America Descends Into the Politics of Rage

Trump and other practitioners may reap short-term gains, but history suggests they will provoke a fearsome backlash.
Source: Jonathan Ernst / Reuters

Anger has a peculiar power in democracies. Skillfully deployed before the right audience, it cuts straight to the heart of popular politics. It is attention-getting, drowning out the buzz of news cycles.

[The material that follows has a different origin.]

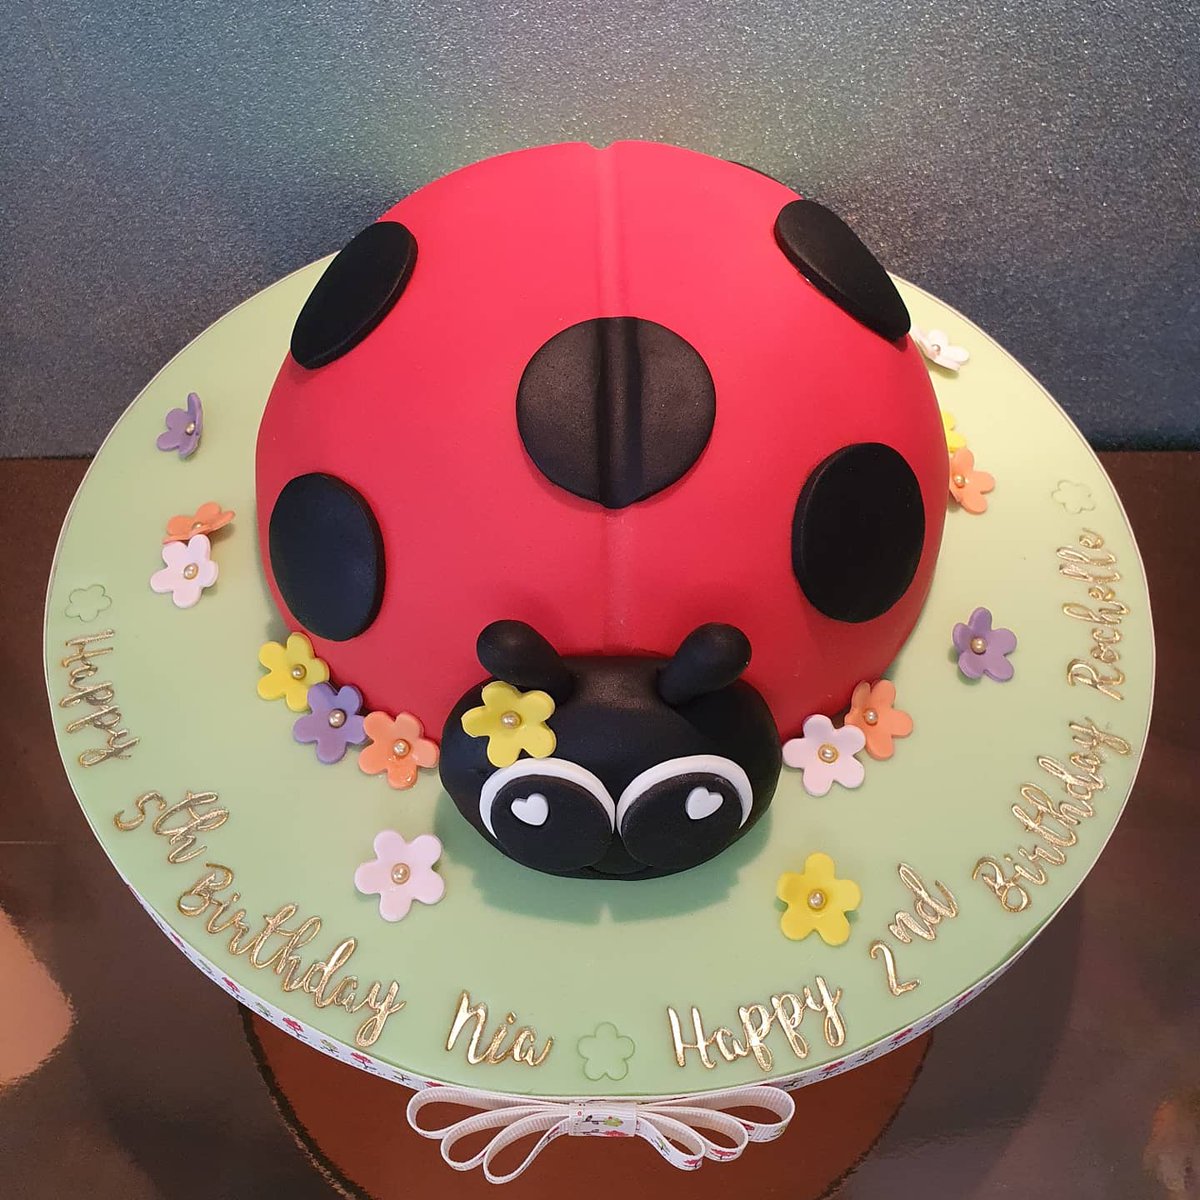 A little Love Ladybird cake ❤🐞🎂

#AuntieCakeBakes #ladybirdcake #lovebugcake #birthdaycake #noveltycake #essexbaker #eastlondonbaker

It is inherently personal and thereby hard to refute with arguments of principle; it makes the political personal and the personal political. It feeds on raw emotions with a primal power: fear, pride, hate, humiliation. And it is contagious, investing the like-minded with a sense of holy cause.

In recent weeks, it has grown increasingly ubiquitous in American politics. In Montana this past Thursday, President Donald Trump praised Republican Representative Greg Gianforte, who pleaded guilty to assaulting the Guardian reporter Ben Jacobs, saying, “Any guy who can do a body slam … he’s my guy.”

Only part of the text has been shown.